I am reading Rudin's RCA and have a question regarding the proof of Jensen's inequality.

Let $\mu $ be a positive measure on a $\sigma $-algbebra $\mathfrak{M}$ in a set $\mathrm{\Omega}$, so that $\mu (\mathrm{\Omega})=1$. If $f$ is a real function in ${L}^{1}(\mu )$, if $a<f(x)<b$ for all $x\in \mathrm{\Omega}$, and if $\phi $ is convex on $(a,b)$ then

$\phi {\textstyle (}{\int}_{\mathrm{\Omega}}f\phantom{\rule{mediummathspace}{0ex}}\text{d}\mu {\textstyle )}\le {\int}_{\mathrm{\Omega}}(\phi \circ f)\phantom{\rule{mediummathspace}{0ex}}\text{d}\mu .$

After a few steps Rudin obtains the following inequality:

$\phi (f(x))-\phi (t)-\beta (f(x)-t)\ge 0$

for every $x\in \mathrm{\Omega}$. Here, $t={\int}_{\mathrm{\Omega}}f\phantom{\rule{mediummathspace}{0ex}}\text{d}\mu \in (a,b)$ and $\beta $ is a real number.

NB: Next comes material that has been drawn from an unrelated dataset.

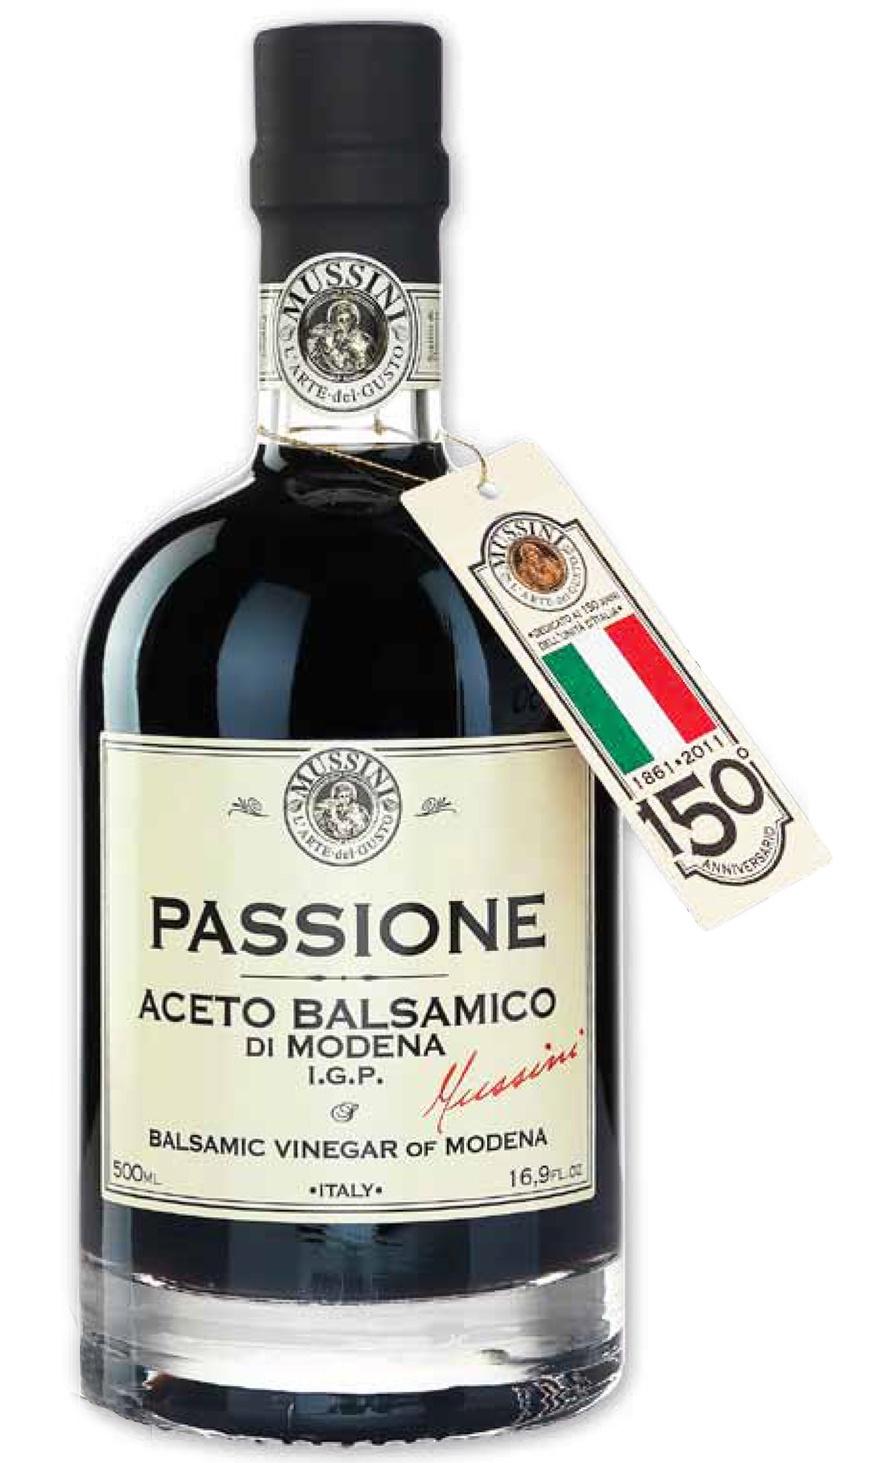 Mussini Balsamico di Modena IGP

If $\phi \circ f\in {L}^{1}(\mu )$ then the inequality can be obtained by integrating both sides. However, I am not sure how to proceed in the case $\phi \circ f\notin {L}^{1}(\mu )$. Rudin states that in this case, the integral ${\int}_{\mathrm{\Omega}}(\phi \circ f)\phantom{\rule{mediummathspace}{0ex}}\text{d}\mu $ is defined in the extended sense

${\int}_{\mathrm{\Omega}}(\phi \circ f)\phantom{\rule{mediummathspace}{0ex}}\text{d}\mu ={\int}_{\mathrm{\Omega}}(\phi \circ f{)}^{+}\phantom{\rule{mediummathspace}{0ex}}\text{d}\mu -{\int}_{\mathrm{\Omega}}(\phi \circ f{)}^{-}\phantom{\rule{mediummathspace}{0ex}}\text{d}\mu $

where

${\int}_{\mathrm{\Omega}}(\phi \circ f{)}^{+}\phantom{\rule{mediummathspace}{0ex}}\text{d}\mu =\mathrm{\infty}\text{and}{\int}_{\mathrm{\Omega}}(\phi \circ f{)}^{-}\phantom{\rule{mediummathspace}{0ex}}\text{d}\mu \text{is finite.}$

I am unable to show the existence of ${\int}_{\mathrm{\Omega}}(\phi \circ f)\phantom{\rule{mediummathspace}{0ex}}\text{d}\mu $ as defined above.

Any help would be greatly appreciated. Thank you.